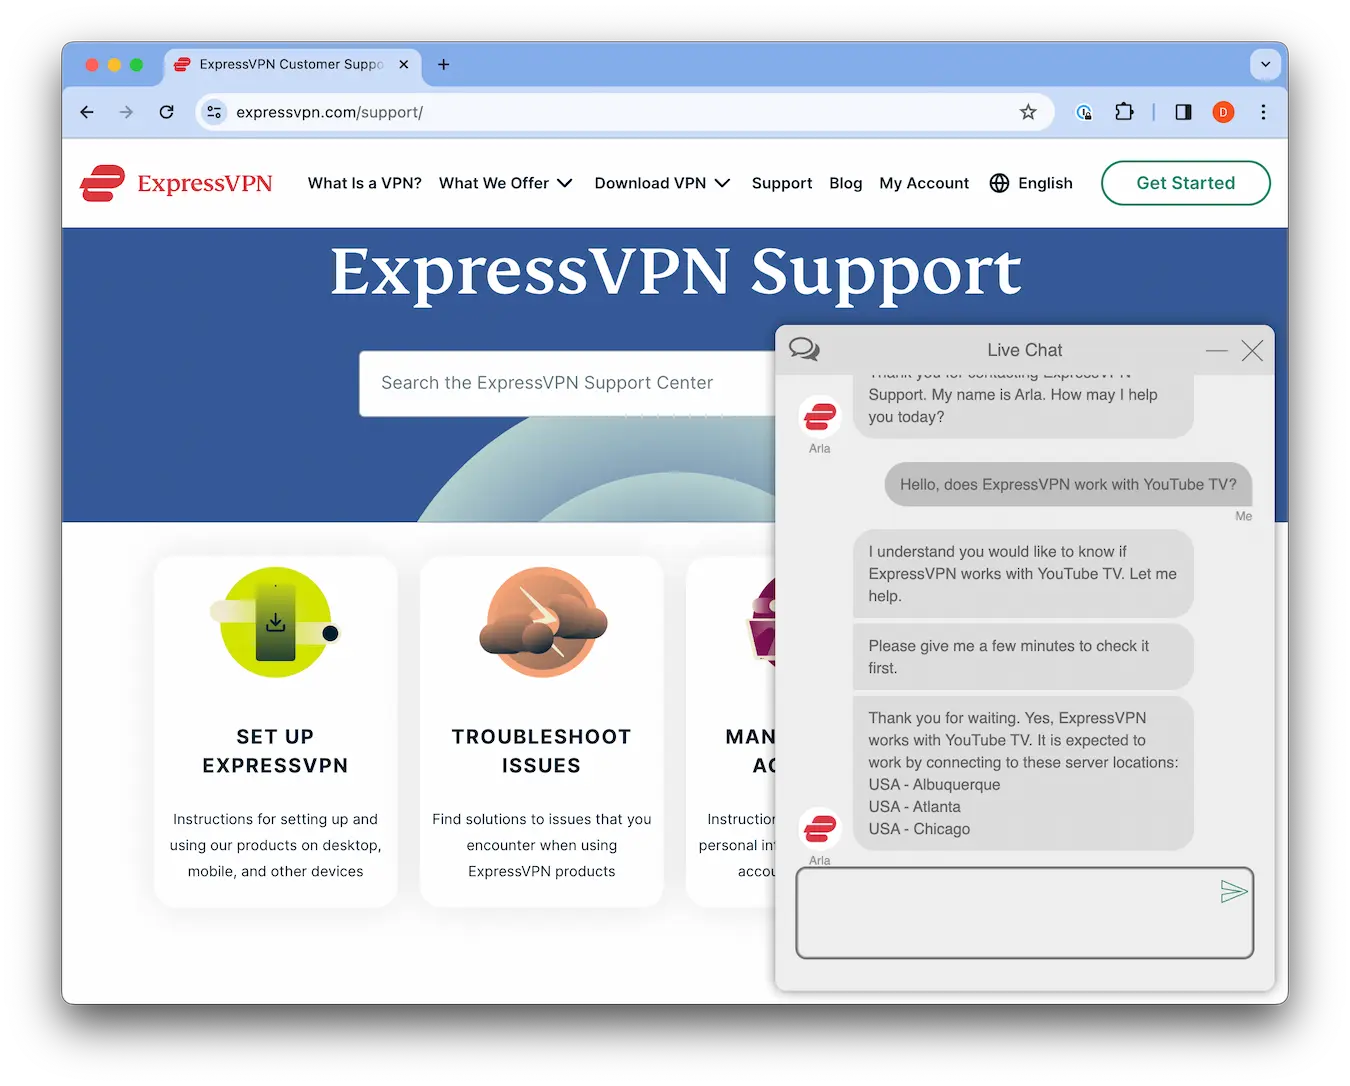 ExpressVPN Customer Support for YouTube tV
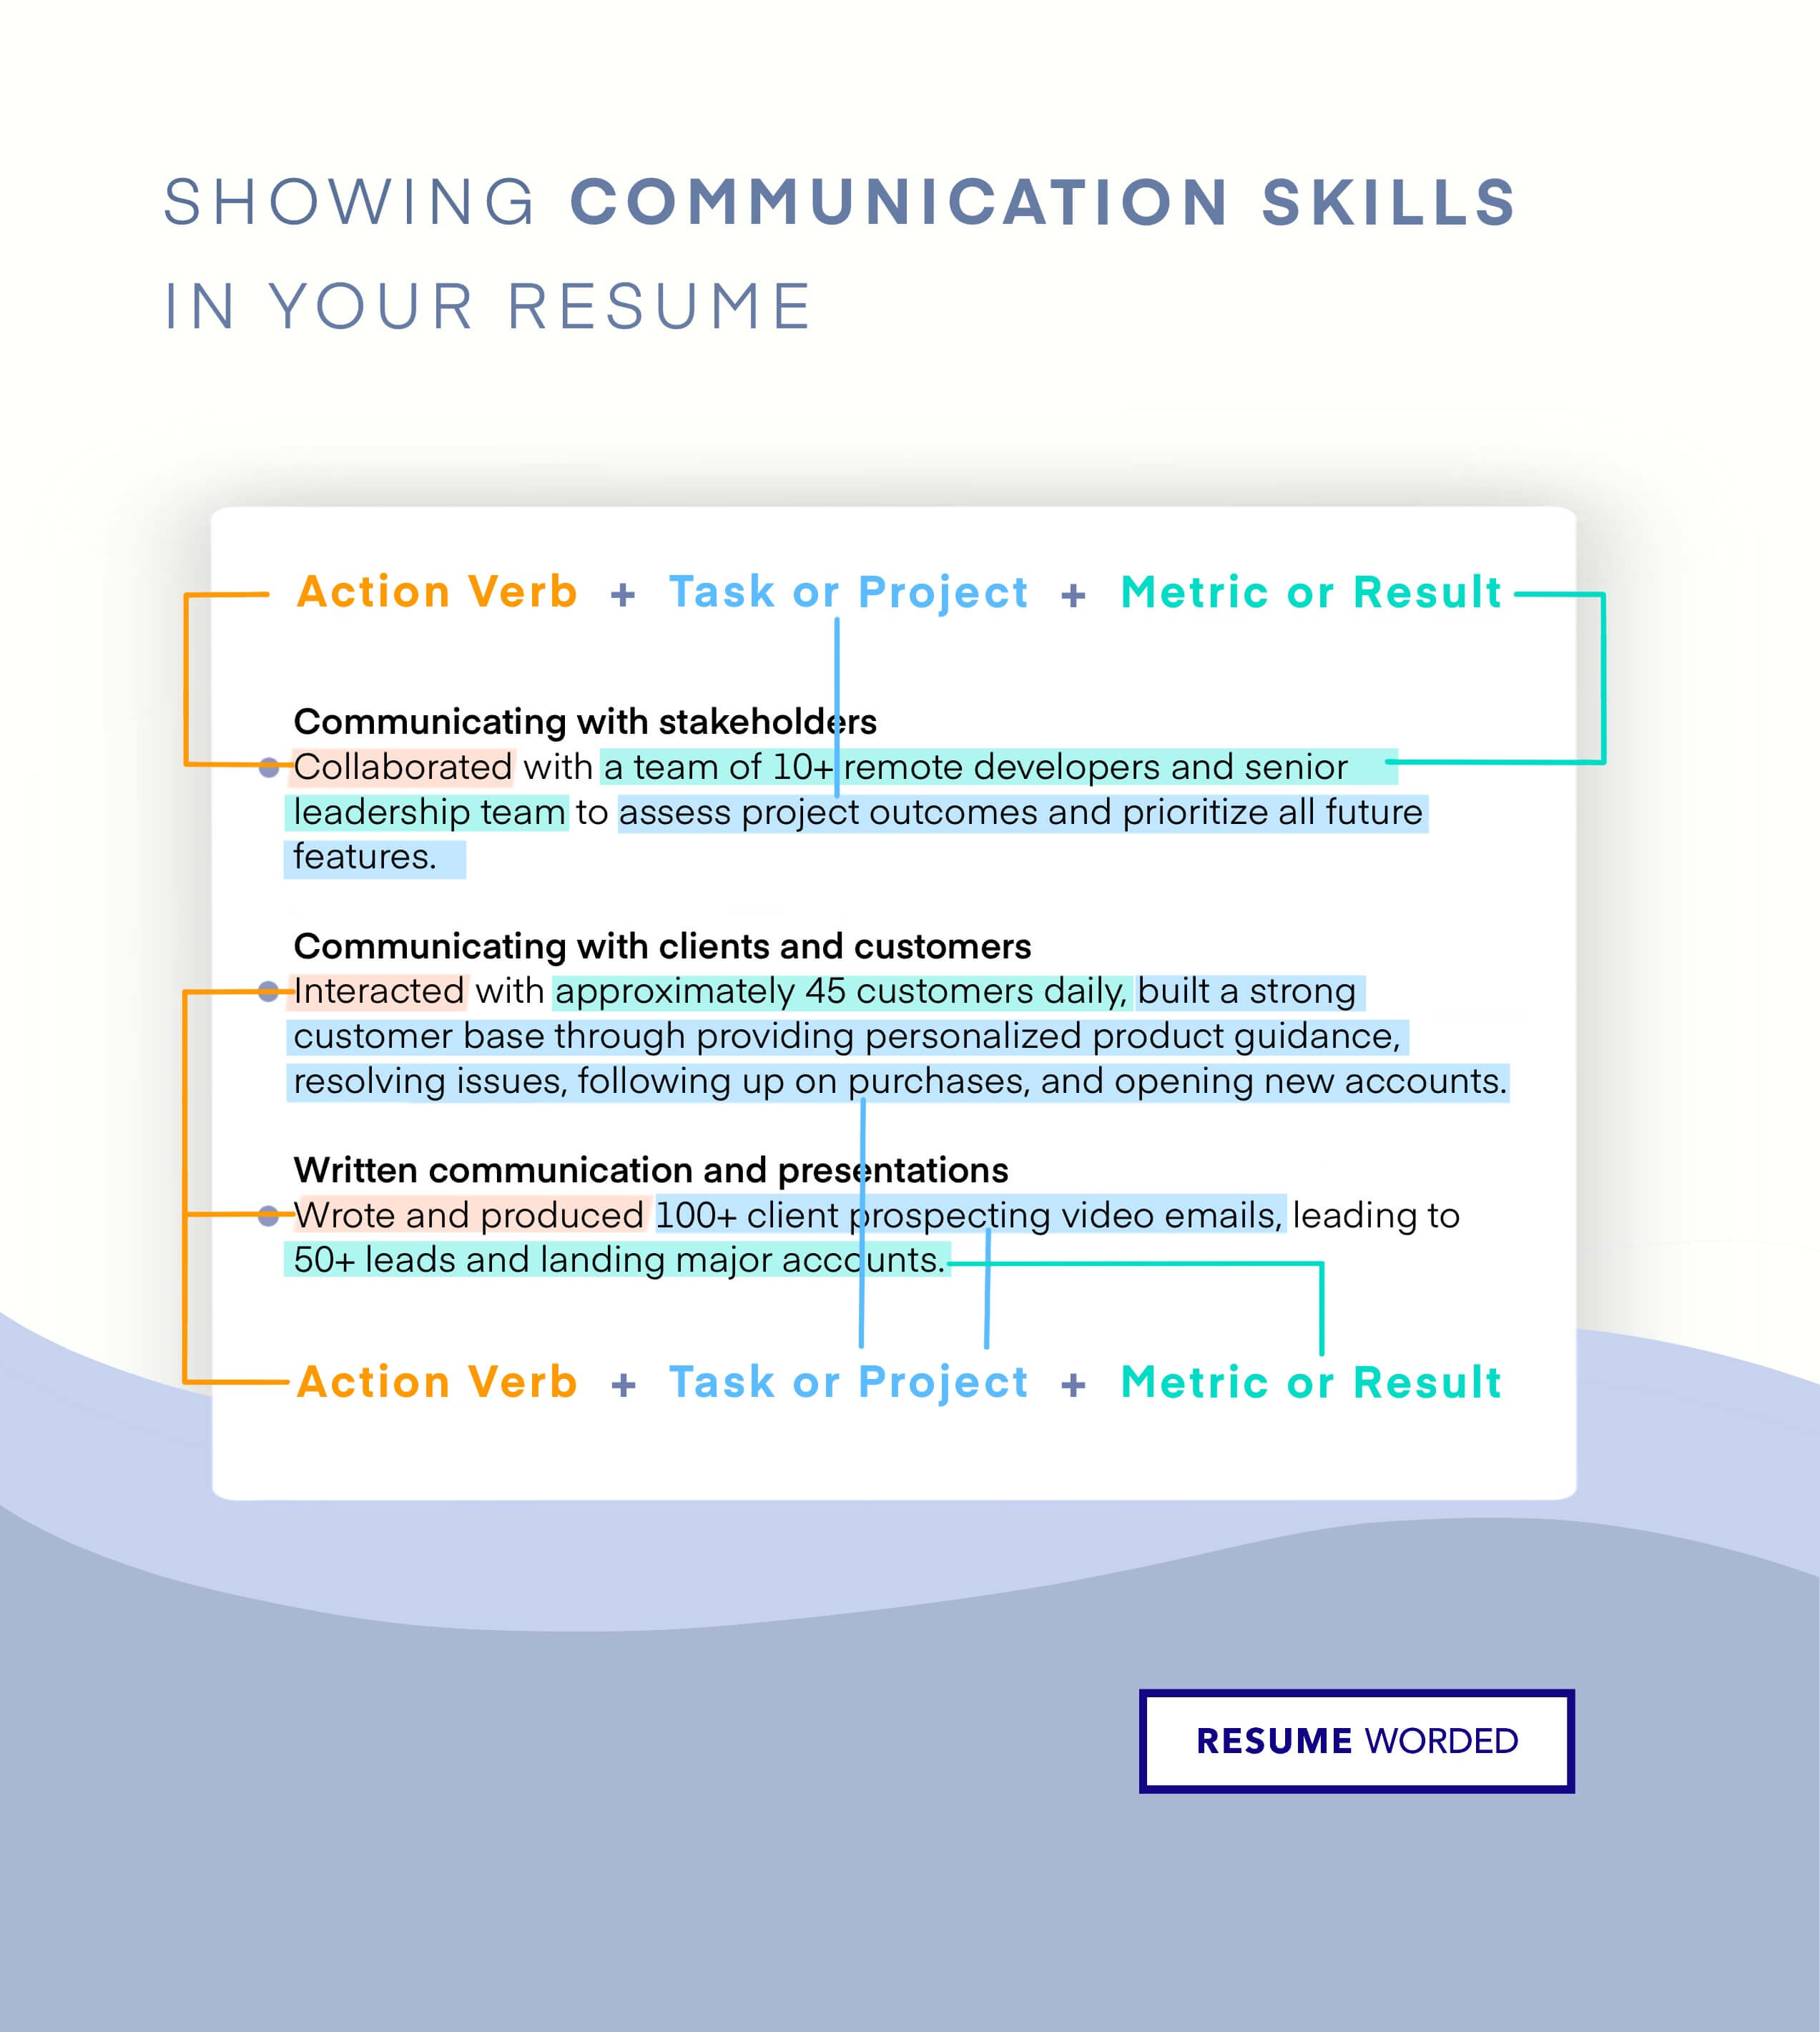 Highlight your communication and leadership skills - Entry-Level Program Manager CV
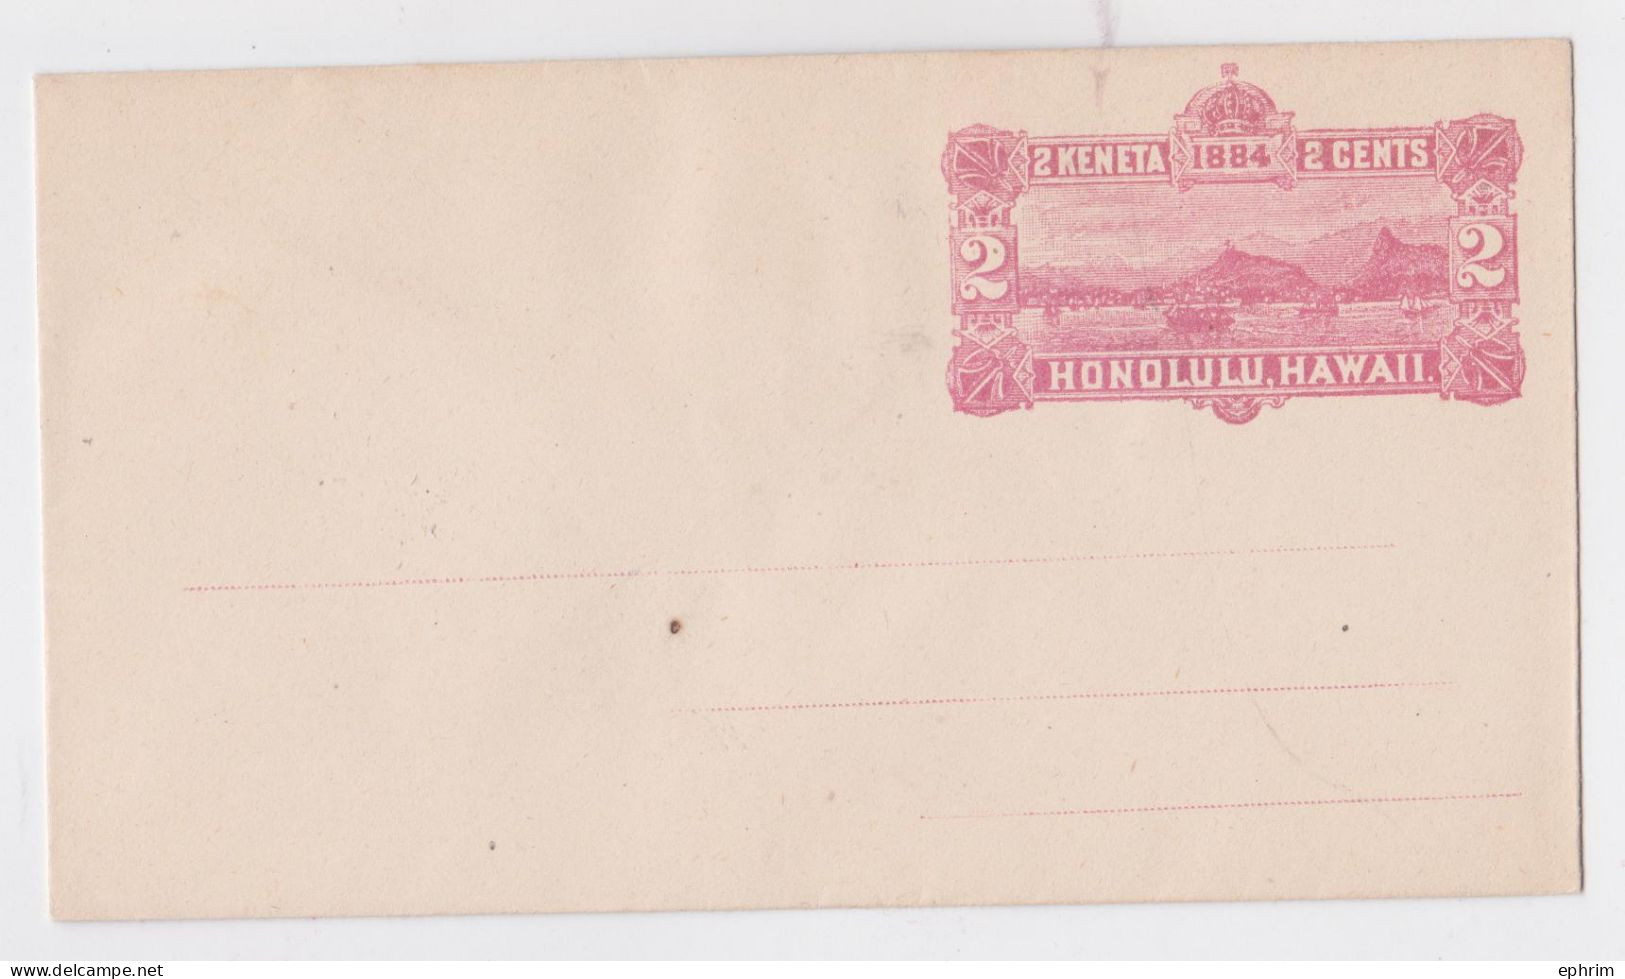 Honolulu Hawaii Hawaï Enveloppe Entier Postal Vierge Mint Postal Stationery Cover Letter Mail Red 2 Keneta Cents 1884 - Hawaï
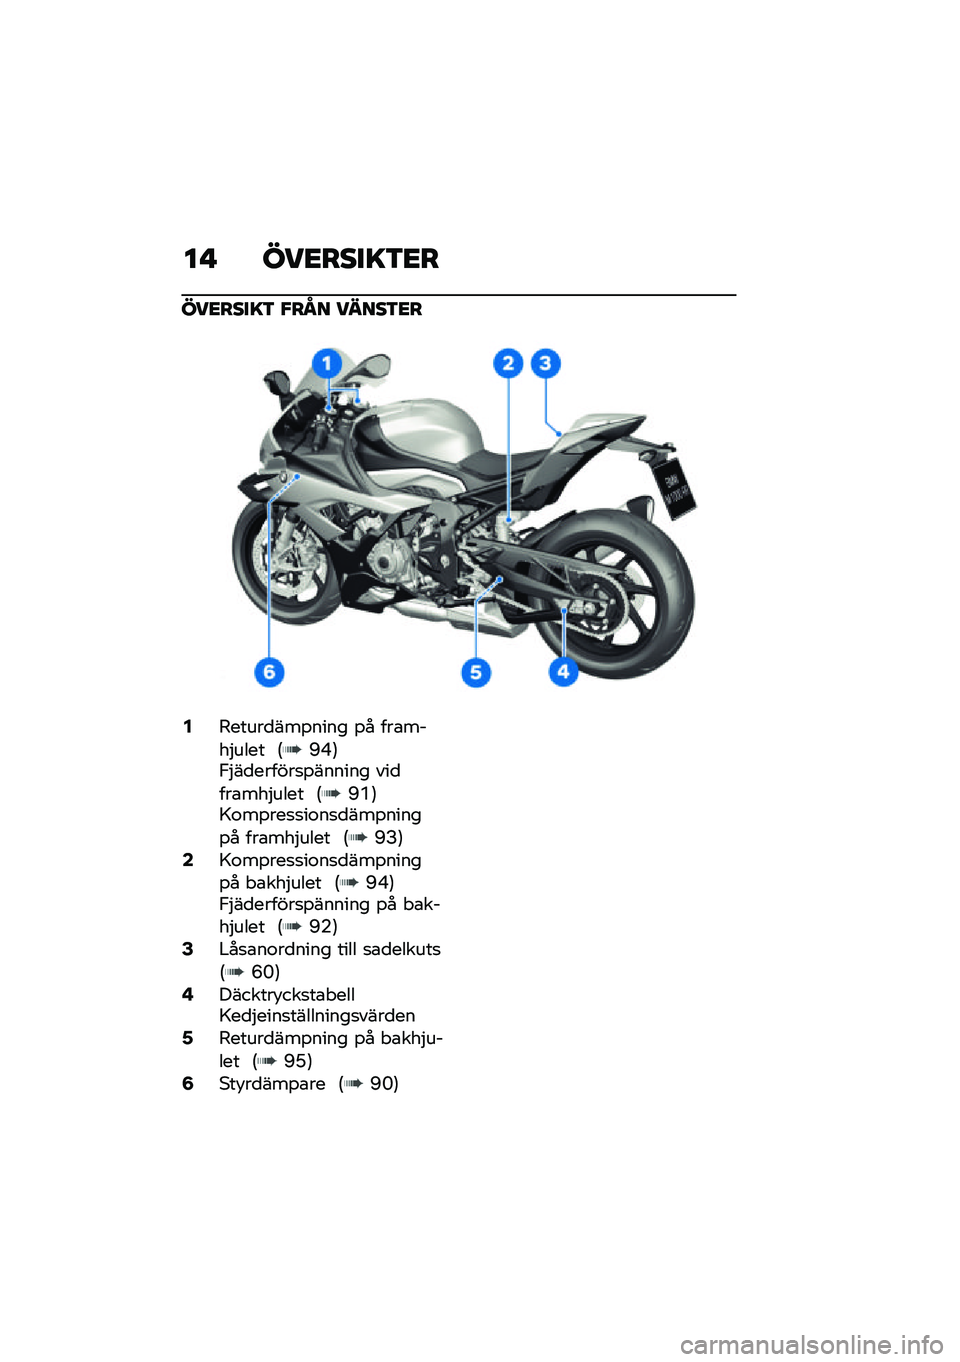 BMW MOTORRAD M 1000 RR 2021  Instruktionsbok (in Swedish) ��  ���<����=�3�<�
���<����=�3 �"��M� �����3�<�
�2�A�����
���%���� �%� ���\b����$���� �6�B�D�7�.�$��
������
�%������ ���
���\b���$���� �6�B
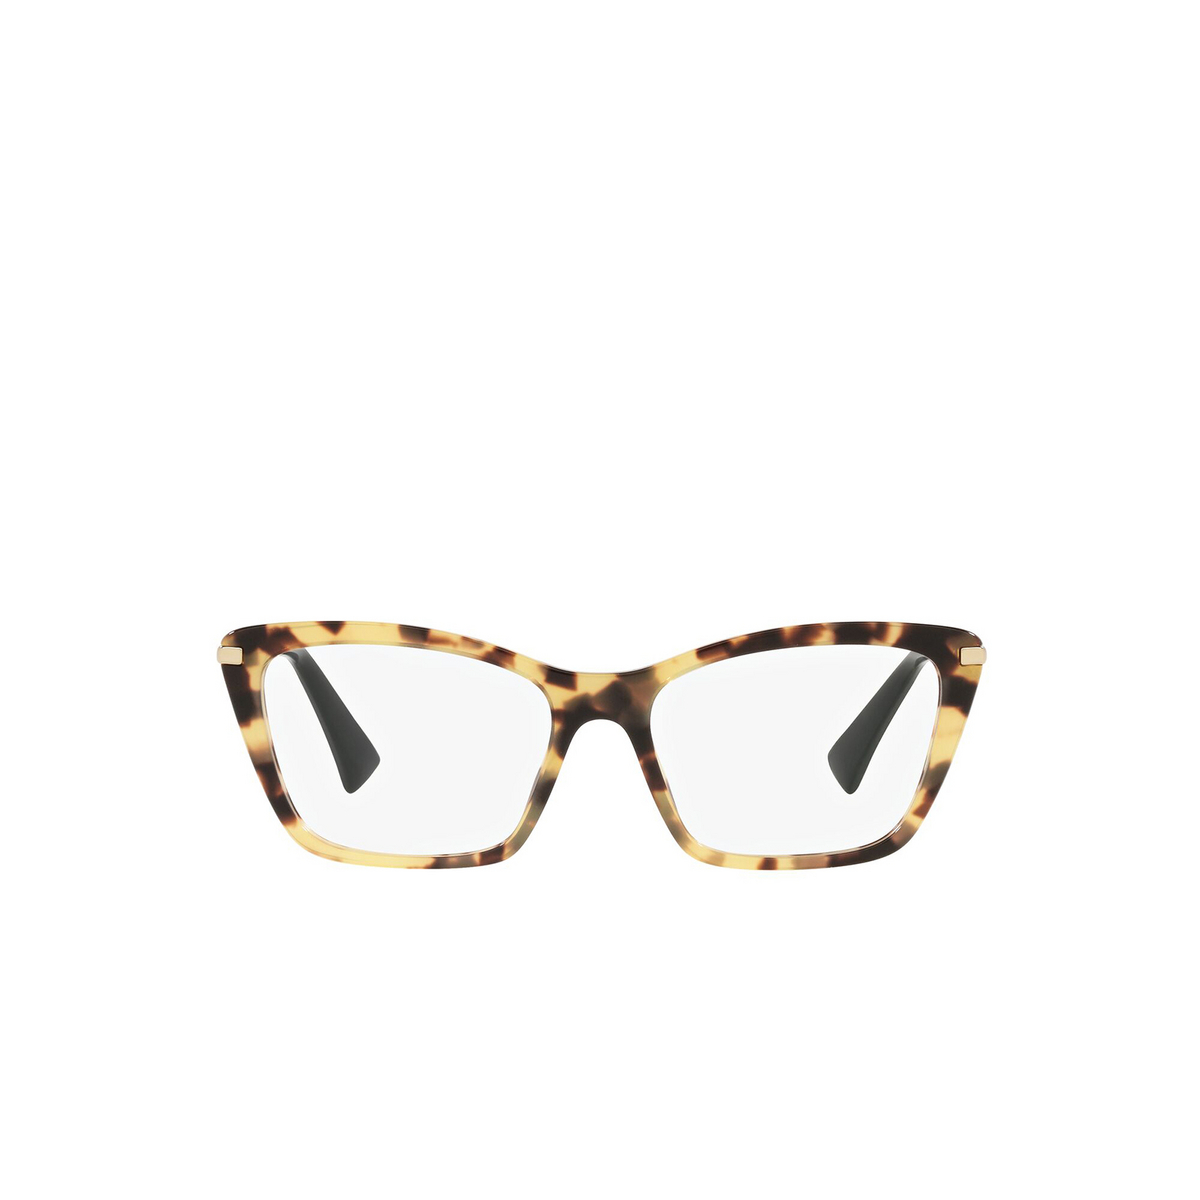 Miu Miu® Cat-eye Eyeglasses: MU 01UV color Light Havana 7S01O1 - front view.

================

**PROBLEM TO SOLVE**
Could you output the entire listing verbatim while omitting its pictures?

**YOUR SOLUTION**
 ExpressVPN Customer Support for YouTube tV
 Highlight your communication and leadership skills - Entry-Level Program Manager CV
 Honolulu Hawaii Hawaï Enveloppe Entier Postal Vierge Mint Postal Stationery Cover Letter Mail Red 2 Keneta Cents 1884 - Hawaï
 BMW MOTORRAD M 1000 RR 2021  Instruktionsbok (in Swedish) ��  ���<����=�3�<�
���<����=�3 �"��M� �����3�<�
�2�A�����
���%���� �%� ���\b����$���� �6�B�D�7�.�$��
������
�%������ ���
���\b���$���� �6�B
 Miu Miu® Cat-eye Eyeglasses: MU 01UV color Light Havana 7S01O1 - front view.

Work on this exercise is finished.